There’s no Pick-a-Bagel around here so I popped into a nearby cafe which makes a big deal about serving organic, fair-trade coffee.  But they also have sandwiches and, yes, bagels.

I said to the girl, “Could I get a bagel with tuna salad?” to which the girl replied, “Tuna salad. . .on a BAGEL???” like it was the weirdest fucking thing she ever heard.

“Yes,” I said.  “Tuna salad on a bagel.”

“So, like a sandwich, but with a bagel?”


She bent over the cash register, trying to figure out how to ring me up.  “That’ll be $10.95.”


She explained that the sandwich platters came with salad, hence the ridiculous price.

“All I want,” I said, “is a bagel with tuna.  Like instead of a bagel with butter, imagine a bagel with tuna.”  I didn’t say “imagine” but really wanted to.
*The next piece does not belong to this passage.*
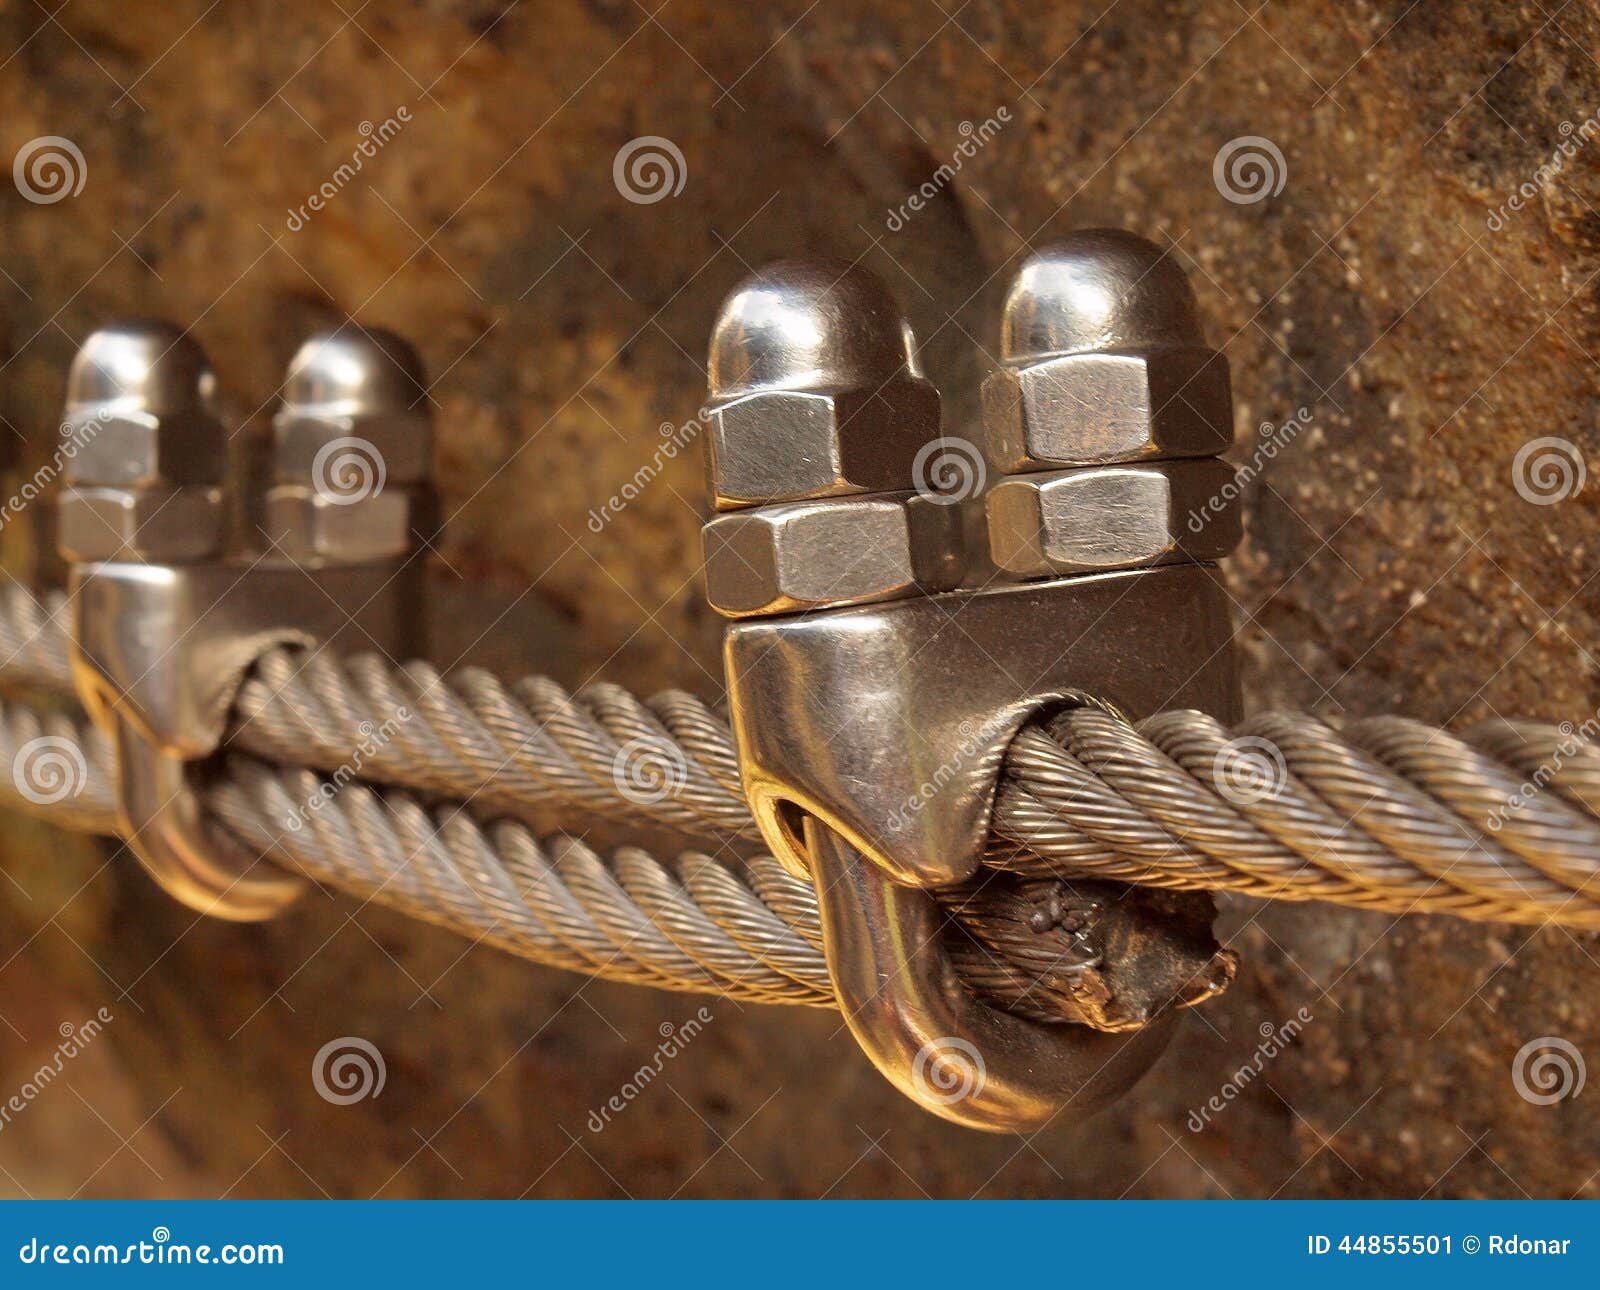 Detail of Clamp at End of Irone Rope. Climbers Iron Twisted Rope
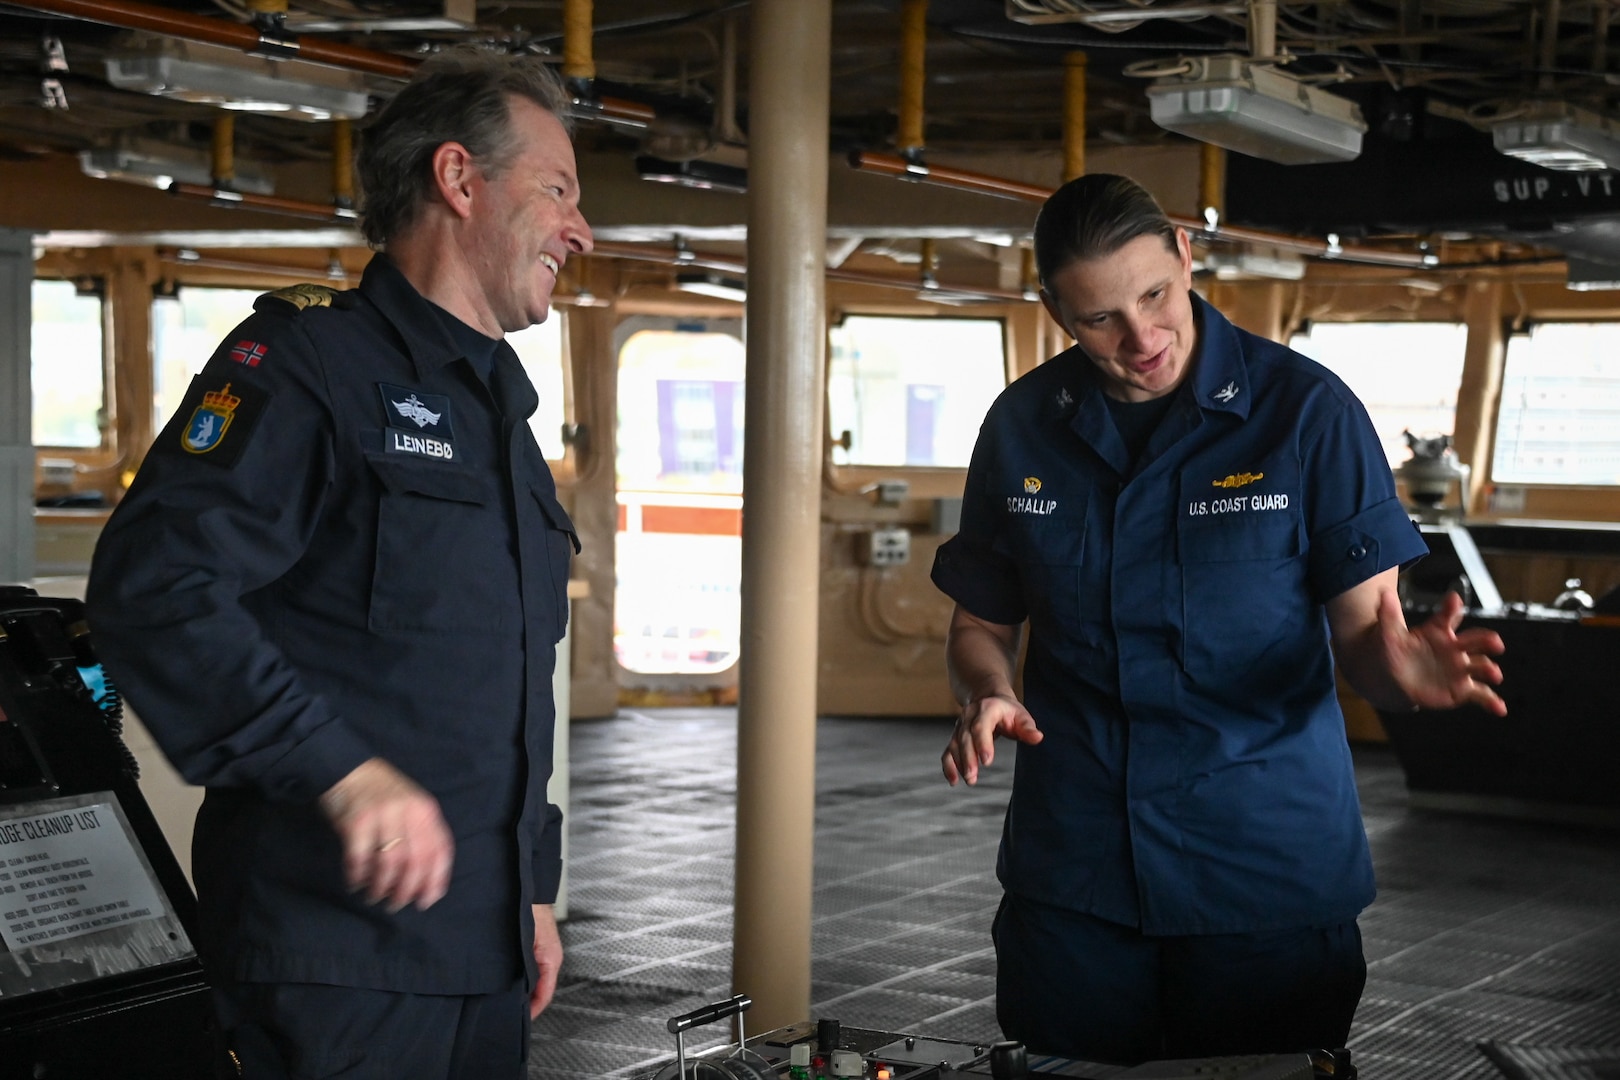 U.S. Coast Guard Capt. Michele Schallip, commanding officer of the U.S. Coast Guard Cutter Healy (WAGB 20), discusses the Healy’s bridge systems to Commander Geir-Martin Leinebø, commanding officer of the Norwegian Coast Guard Vessel Svalbard, after the Healy moored in Tromsø, Norway, Oct. 1, 2023. The U.S. and Norwegian Coast Guards conducted joint exercises in the Barents Sea to develop cooperation, interoperability, and build partnerships among the two coast guards. (U.S. Coast Guard photo by Senior Chief Petty Officer Charly Tautfest)

She finally figured it out.

I mean, I know it’s not so common around here, but you have bagels, you have tuna salad – voila, you have a bagel with tuna salad.

Voi-fucking-la.  Dumbshit.


  1. Never order bagels or pizza in California, or at least don’t expect them to resemble the staples of NYC. It’s like ordering shrimp cocktail in a landlocked state, or wine in a dive bar.

  2. Check and see if Noah’s does them, they claim to be all NY bagel-like :)

  3. So what price did you end up agreeing upon?